Economy Minister Seiji Maehara said Japan needs more monetary easing and policy efforts to encourage growth.
“There are fiscal-easing moves worldwide, but on a monetary basis Japan is falling short,” Maehara said yesterday on a Fuji Television program. While “easing is not a panacea,” without that and policy moves “Japan’s sovereign credit rating may face a downgrade,” he said.
Yen Longs
Traders cut bets the yen will gain versus the dollar, figures from the Washington-based Commodity Futures Trading Commission show. The difference in the number of wagers by hedge funds and other large speculators on a rise in the yen compared with those on a drop -- so-called net longs -- was 10,086 on Oct. 16, compared with net longs of 12,914 a week earlier.In Europe, an index of consumer confidence was probably minus 25.9 in October, unchanged from the previous month and the lowest since May 2009, according to the median estimate of economists in a separate Bloomberg poll before tomorrow’s data.

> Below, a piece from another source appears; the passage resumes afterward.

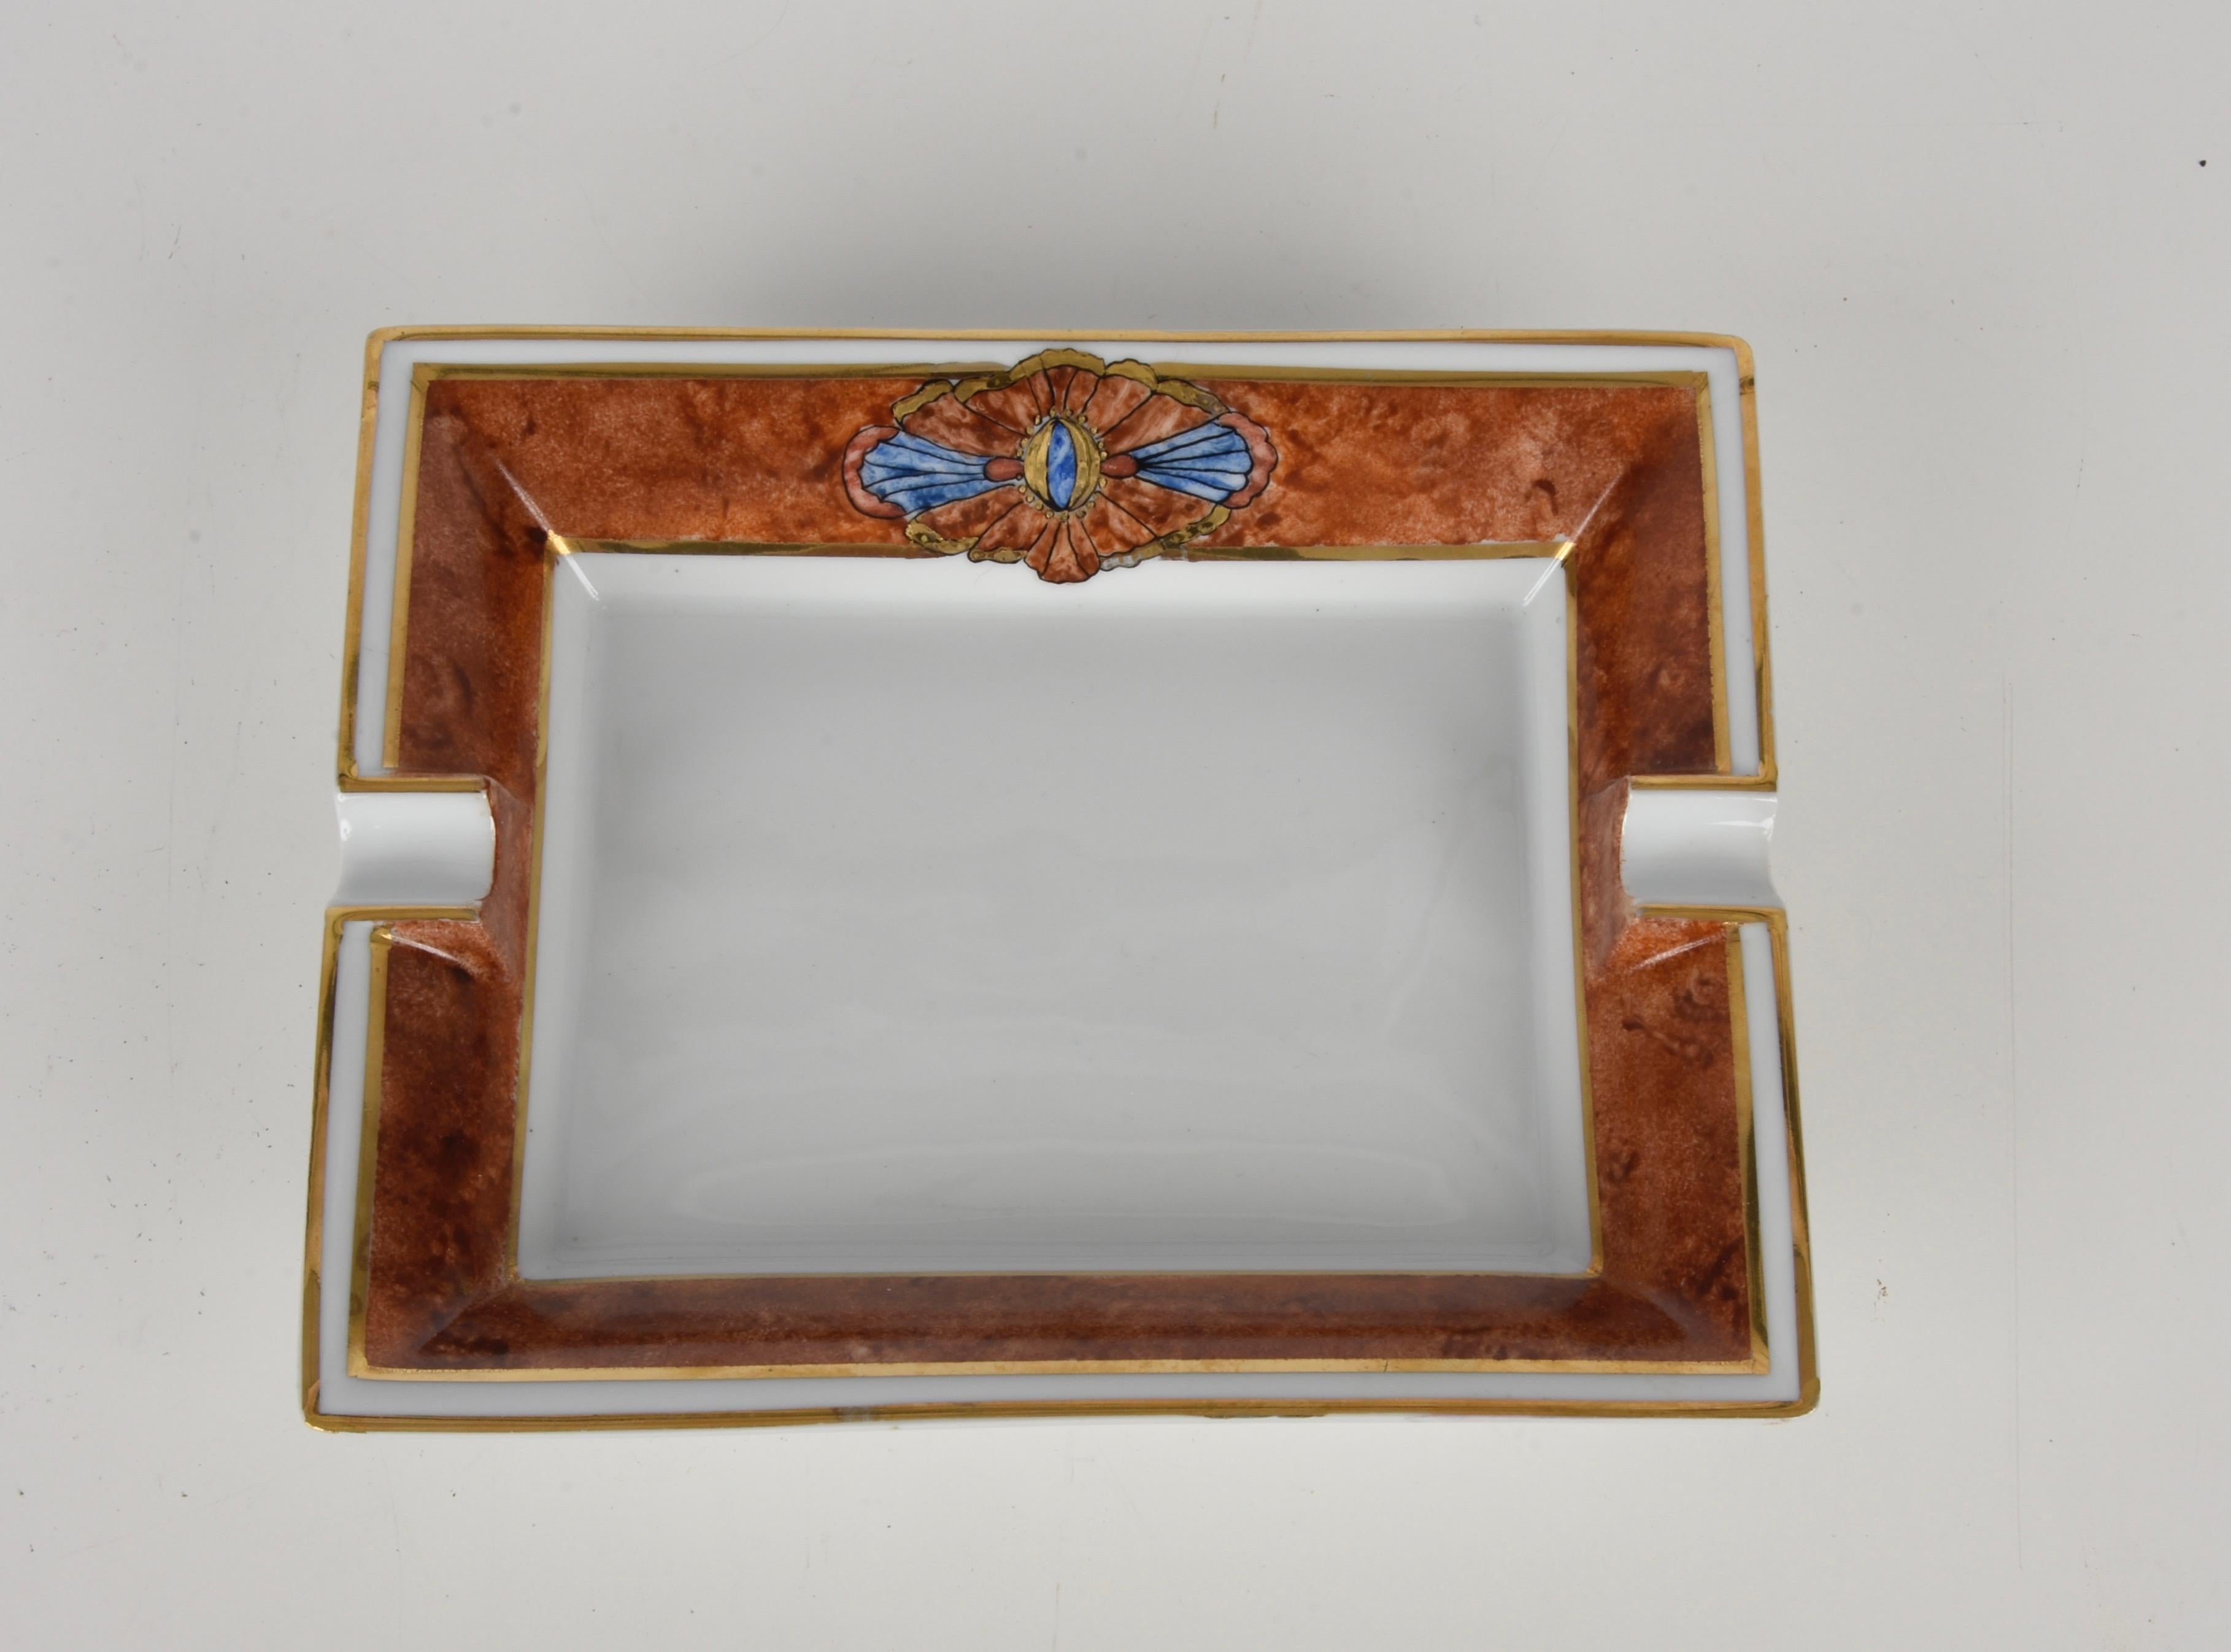 20th Century Limoges Midcentury Hand-Painted by Cevoli White Porcelain French Ashtray, 1980s For Sale

The Australian dollar fell for a third day against the U.S. currency before a report this week that may show gains in consumer prices held near the smallest in 13 years.
The so-called trimmed mean gauge of core consumer prices in Australia probably rose 2.2 percent in the three months ended Sept. 30 from a year earlier, a Bloomberg survey showed before the statistics bureau publishes the report on Oct 24. That compares with a 2 percent increase in the previous quarter, the slowest pace since June 1999.
Aussie Dollar
“The Aussie is soft and likely to remain soft heading into the inflation release,” said Emma Lawson, a Sydney-based foreign-exchange strategist at National Australia Bank Ltd. “The currency is looking at the broader global conditions this week and we’re clearly starting off on a more subdued note.”Australia’s dollar fell 0.1 percent to $1.0317 after dropping 0.5 percent in the previous two days.